* [TASK DETAILS] Reproduce, exactly and only, the lines of the data that follows from the one containing "Sakit Tenggorokan Apa" down to the one containing "056cf4f46 ... Design", without pictures.

* [EXERCISE MATERIALS]
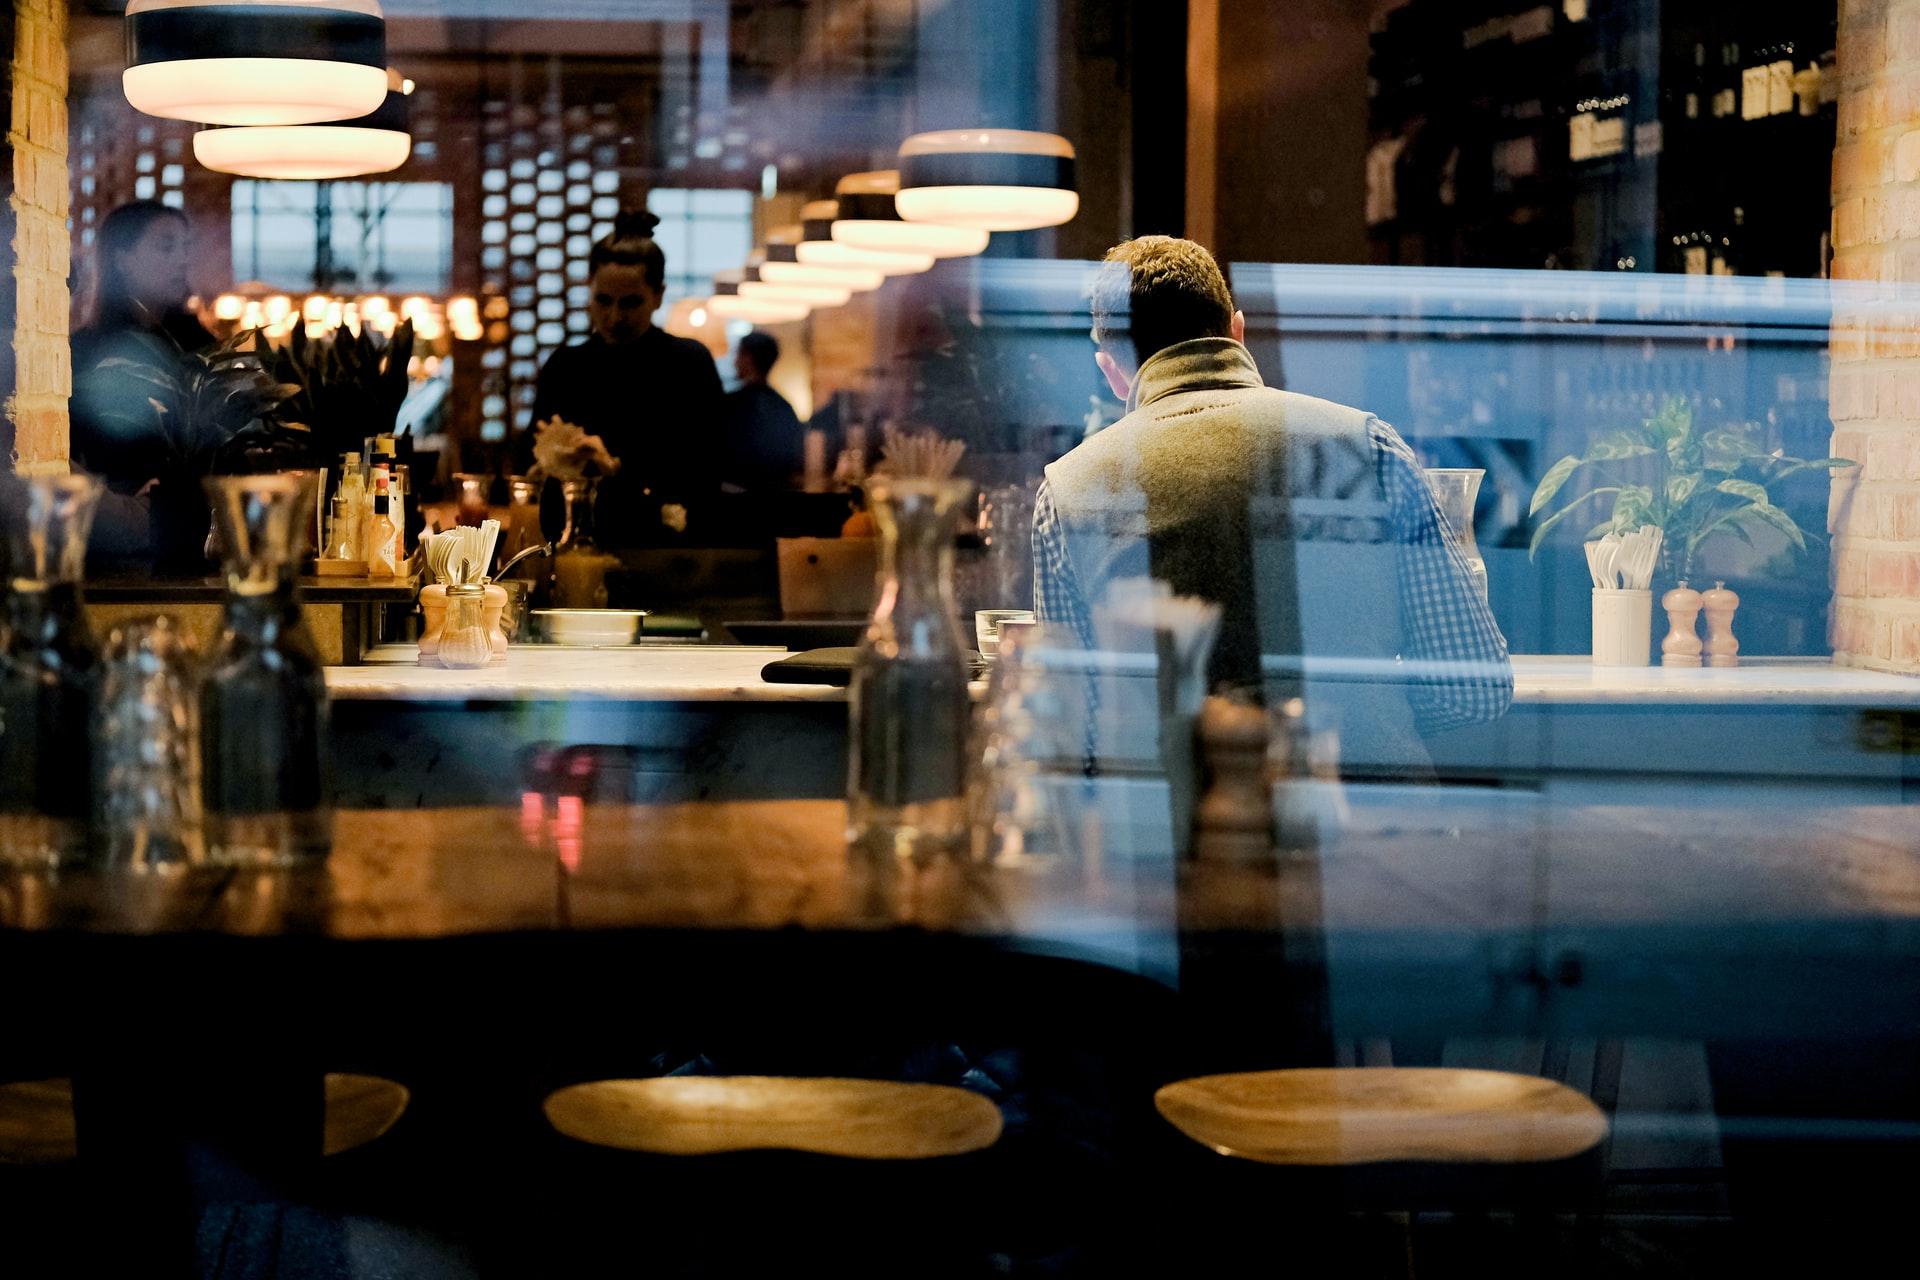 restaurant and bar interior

* * *

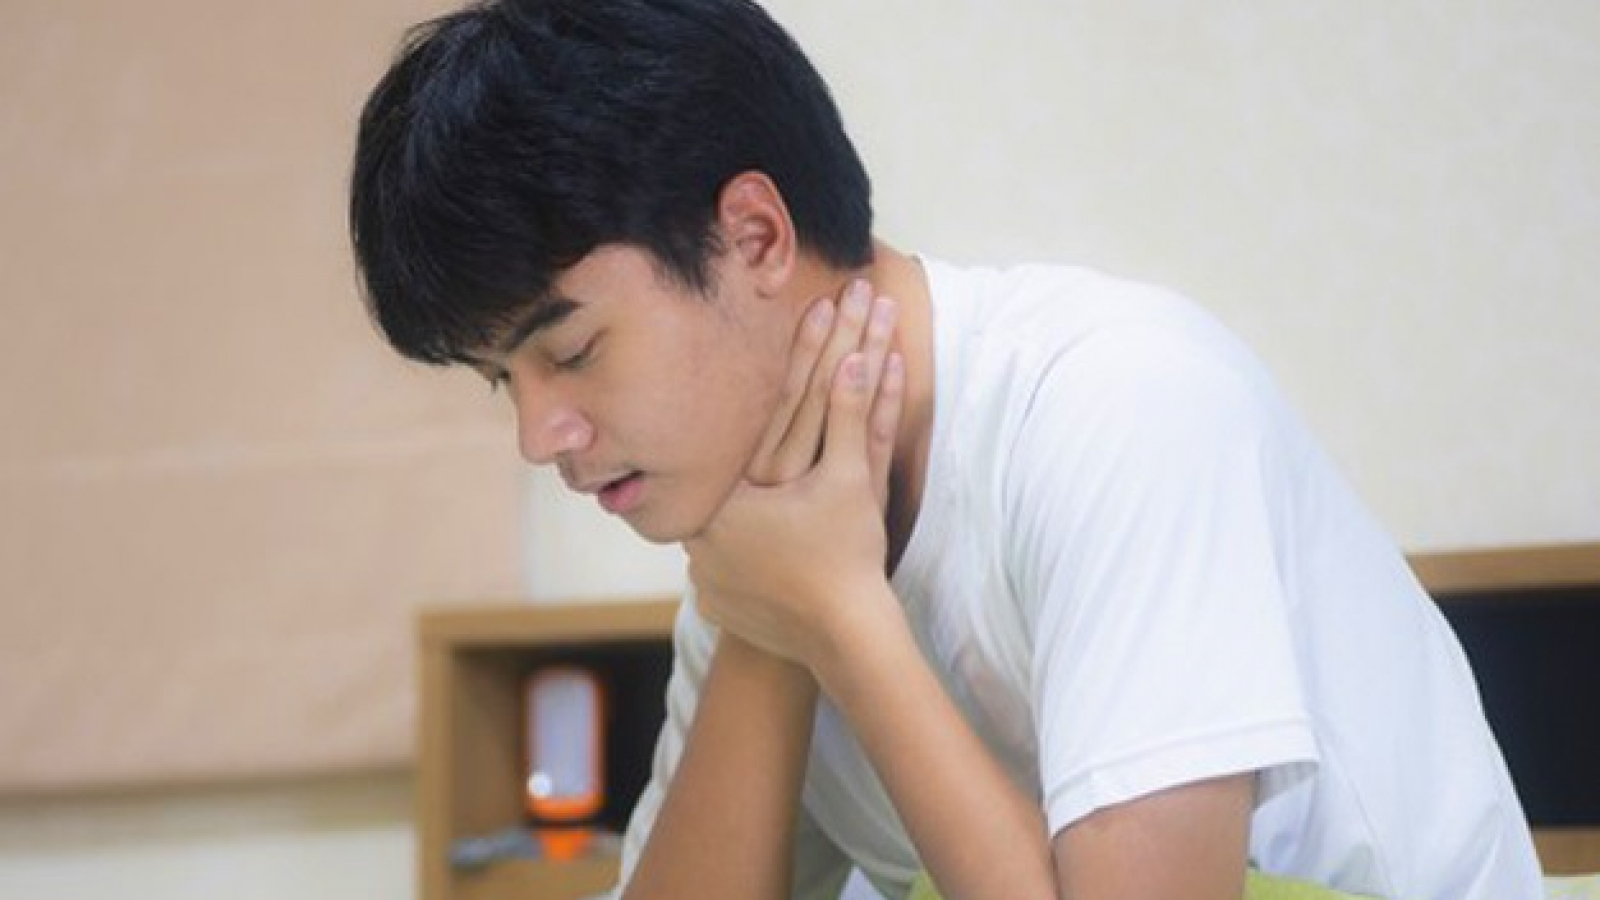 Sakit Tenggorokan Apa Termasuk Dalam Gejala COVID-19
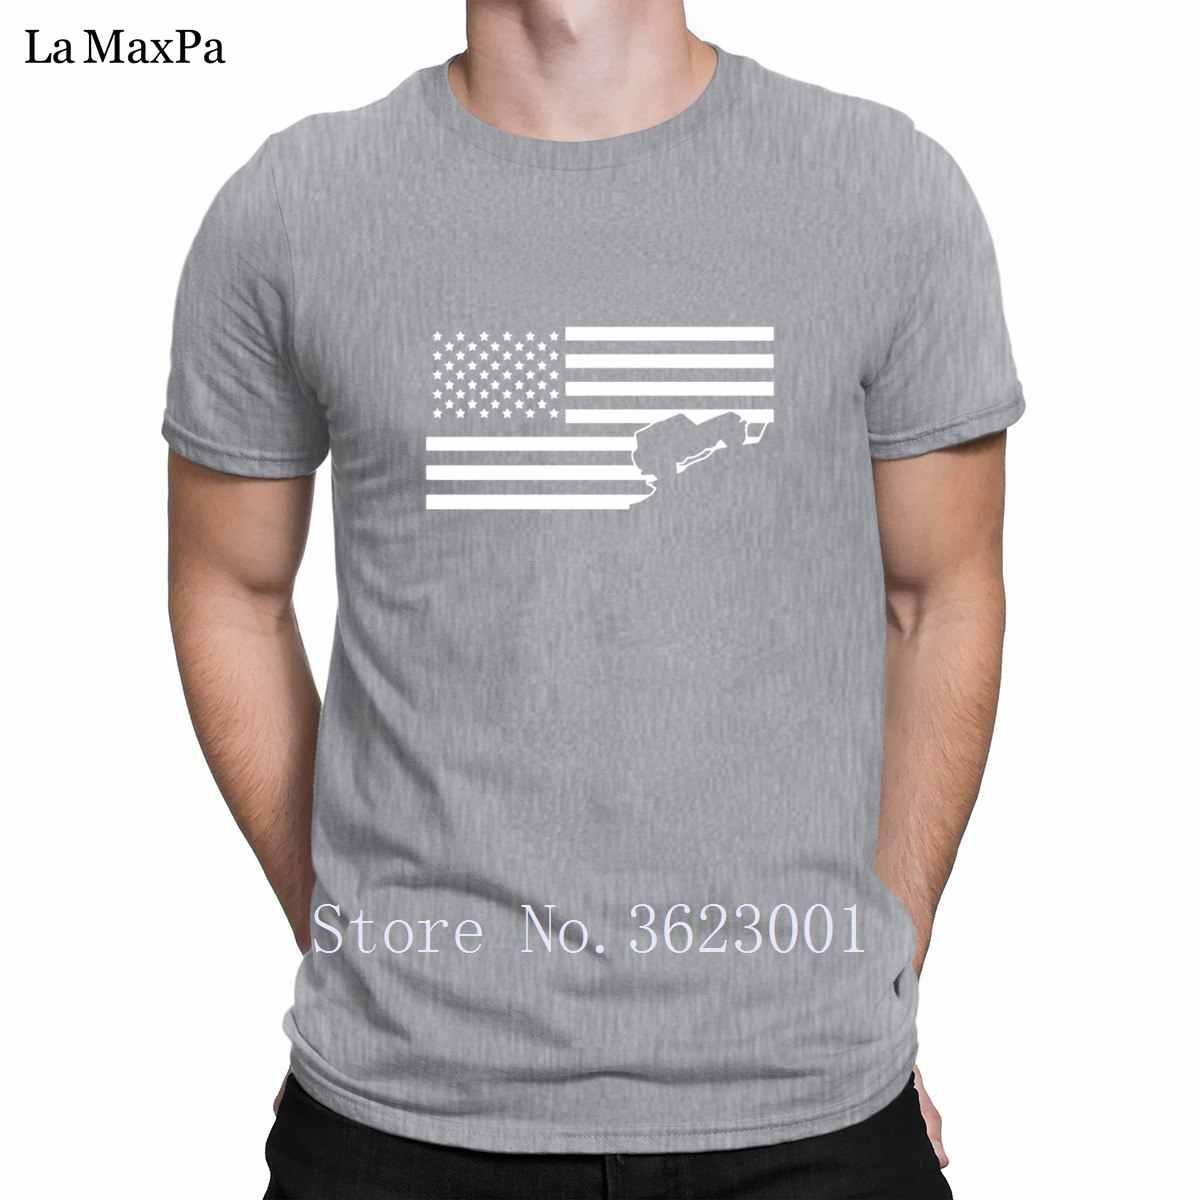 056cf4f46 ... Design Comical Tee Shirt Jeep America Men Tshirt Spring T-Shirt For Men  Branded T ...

* * *

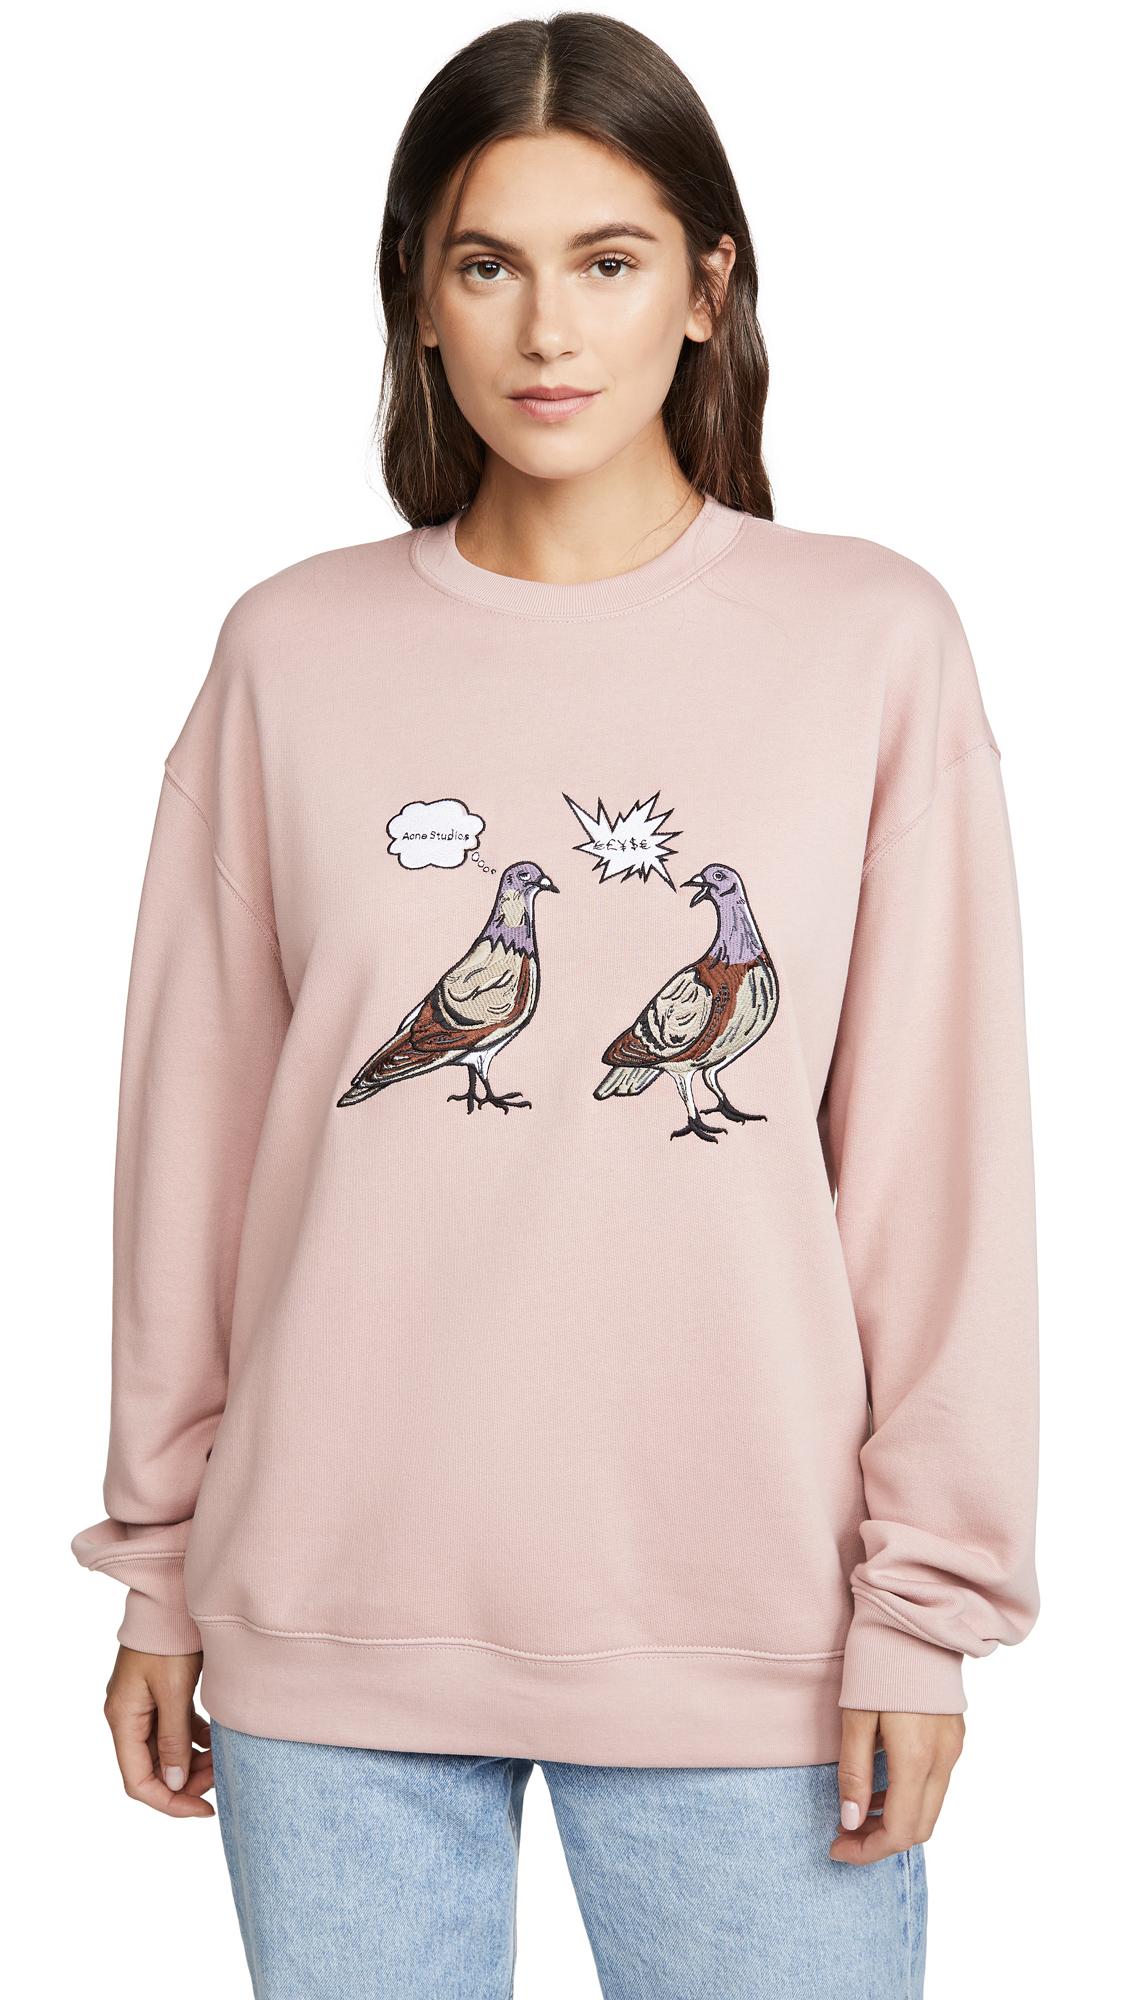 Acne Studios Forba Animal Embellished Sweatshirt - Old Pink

* [YOUR SOLUTION]
 Sakit Tenggorokan Apa Termasuk Dalam Gejala COVID-19
 056cf4f46 ... Design Comical Tee Shirt Jeep America Men Tshirt Spring T-Shirt For Men  Branded T ...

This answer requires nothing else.